Sometimes, disclosures need to be revised.  If a revised disclosure is necessary, it must be received by the customer at least four business days prior to closing, which means that it if is mailed, it must be mailed seven business days before closing.
 
Did You Endorse That Service Provider?

Separate from the Loan Estimate is a required list of settlement services for which the customer can shop. You must identify at least one provider for each service. Do you have a policy for how you will identify these providers for each market area? How many will you list for each category? Are you going to vet them? If not, do you have a disclaimer ready? (Hint: the model form does not have one.)
 
Collecting Fees

There are also new restrictions on fees that can be collected prior to giving a Loan Estimate and prior to a consumer’s consent to proceed.
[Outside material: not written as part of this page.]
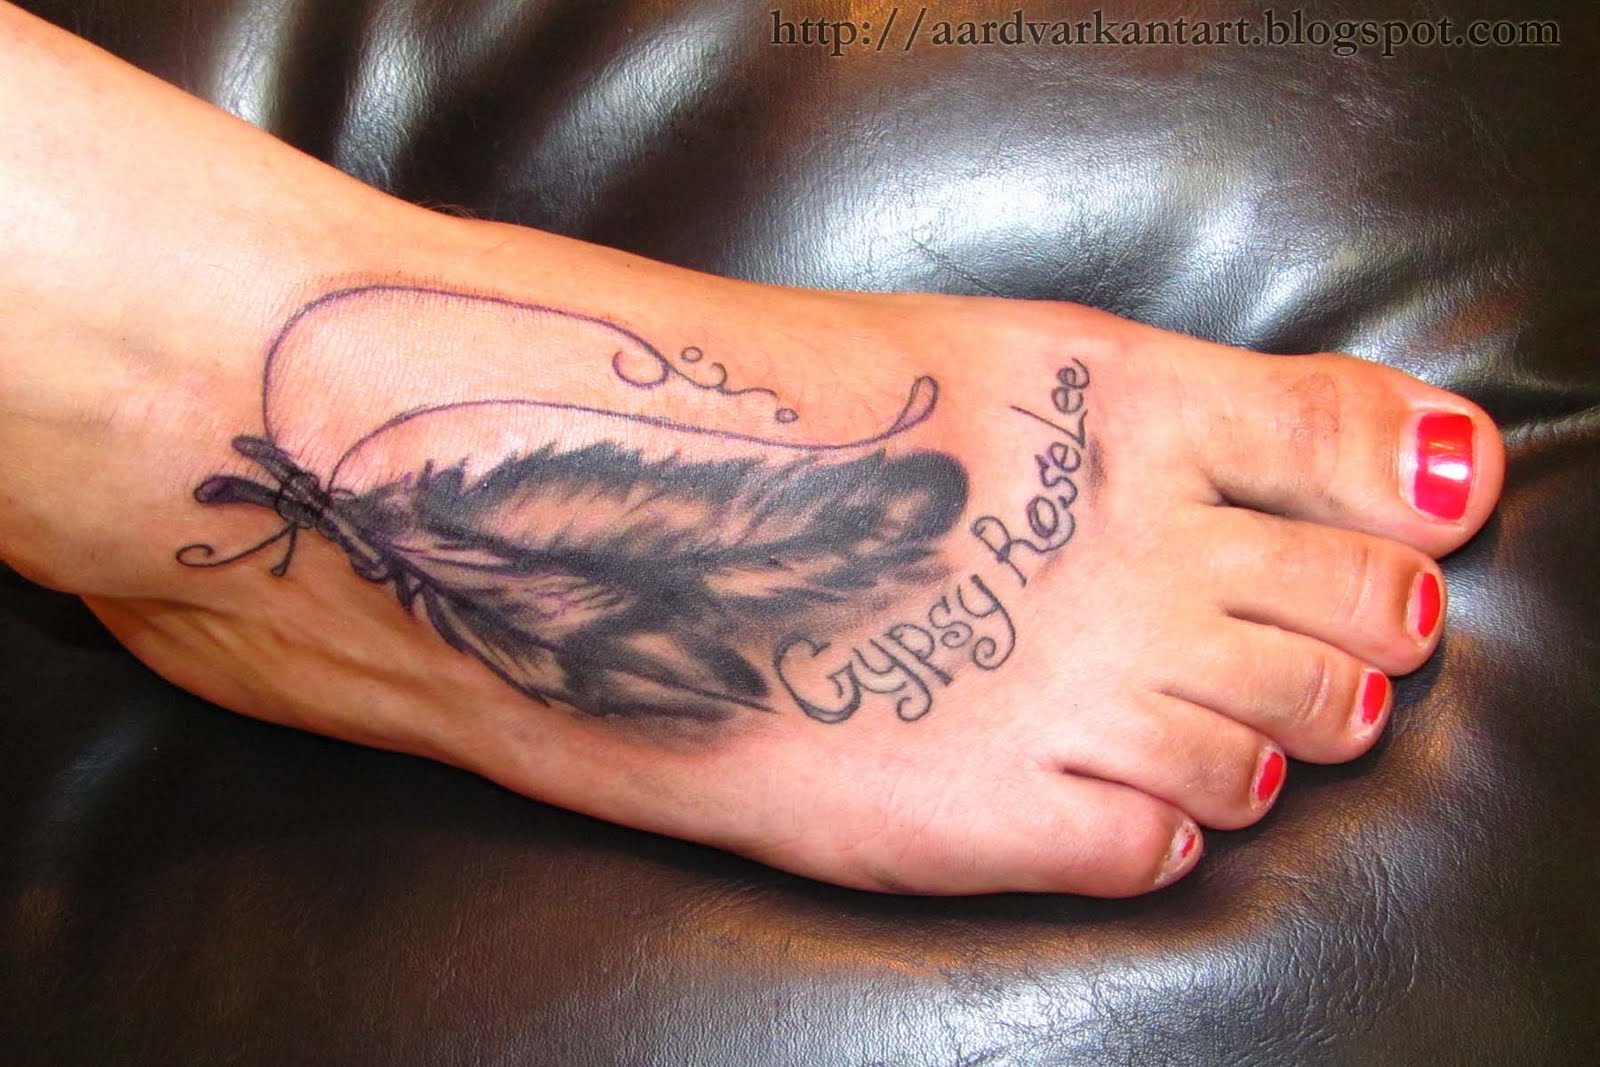 http://3.bp.blogspot.com/-AF4nzv15JpM/Thic1KuQcqI/AAAAAAAAAZc/3sxlebu08W8/s1600/feather+foot+tattoo.jpg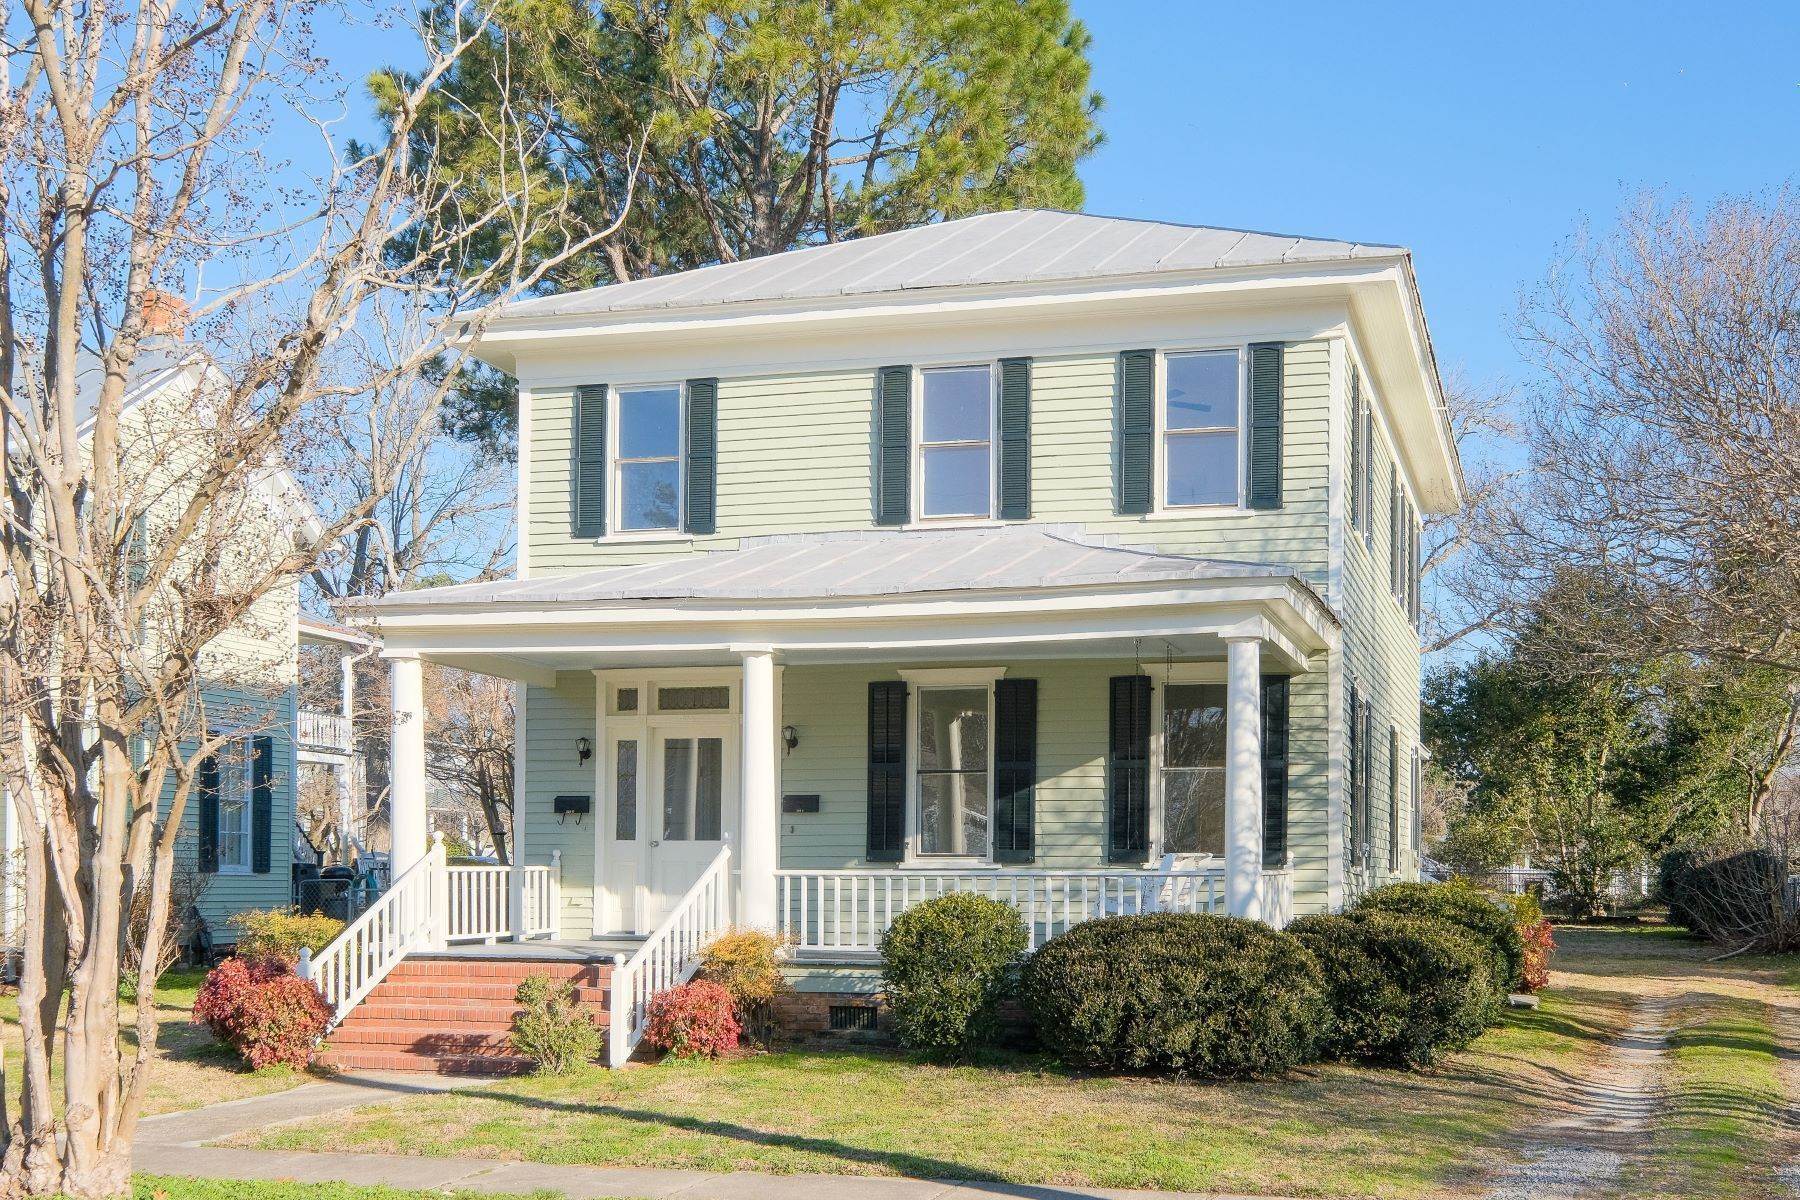 Property для того Продажа на Historic District Duplex 303 E. King Street Edenton, Северная Каролина 27932 Соединенные Штаты

For example, no fee other than a credit report fee can be collected prior to the Loan Estimate and consumer consent to proceed. 
 
Pre-Closing Disclosure
 
As most of you know, the other major document required by the new rules is the Closing Disclosure, which as you know, combines two existing forms, the HUD-1 Settlement Statement and final Truth-in-Lending disclosures, into one form, and must be provided to consumers at least three business days before closing the loan. 
 
Mistakes are going to happen, but if they are caught in time, they can be corrected.  The rule says you can retroactively cure violations by refunding the excess portion of a cost or fee to the consumer, and delivering corrected disclosures to reflect the refund, within 60 days after closing.  You’ll need to decide if you want to set up a post-consummation review process to ensure that you provide corrected Closing Disclosures to catch these and correct them.  
 
Additional Disclosures
 
Beyond the two primary disclosures, there are others to have ready by August 1:
  • the post-consummation escrow cancellation notice (aka "Escrow Closing Notice") 
  • the post-consummation mortgage servicing transfer
  • partial payment notice

Record Retention 
 
You probably need to update record retention policies as well.  
  • Keep a copy of the Closing Disclosure (and all documents related to the Closing Disclosure) for five years after consummation, even if you sell the loan and the servicing rights.
  • Keep the Post-Consummation Escrow Cancellation Notice (Escrow Closing Notice) and the Post-Consummation Partial Payment Policy disclosure for two years. 
  • For all other evidence of compliance with the Integrated Disclosure provisions of Regulation Z (including the Loan Estimate) maintain records for three years after consummation of the loan.
  • Be sure you know when to use the new forms versus when to continue to use the existing disclosures (GFE, initial and final TIL, and the HUD-1)
    • Specifically, the TILA-RESPA rule does not apply to HELOCs, reverse mortgages or mortgages secured by a mobile home or by a dwelling that is not attached to real property (i.e., land). (§ 1026.19(e) and (f))
    • However, certain types of loans that are currently subject to TILA but not RESPA are subject to the new integrated disclosure requirements, including: construction-only loans, vacant-land loans, and loans secured by 25 acres or more.
  And Many More...
 
Here are a few things you’ll want to think about, such as the following: 
  • Do you have policies and forms for pre-consummation and post-consummation disclosures? 
  • Also, think about how a consumer will give the required indication of intent to proceed with a loan? Are you going to have a form?
  • How are you going to track the new tolerances?
In addition, I suggest you take a look at the Readiness Questionnaire in Part 2 of the CFPB’s Mortgage Rules Readiness Guide. I encourage you to work through the TILA-RESPA Integration section that begins on page 15 and ends on page 21.  This is not mandatory (and it has not been added to the Exam Manual), but it may be useful to help determine how ready you are and what you need to do next. 


My hope is that each of you reading this article will be buoyed with confidence that you are well-prepared for the August 1 compliance deadline, but if you are not, I hope this article will help you identify the areas that need work in the final days before implementation.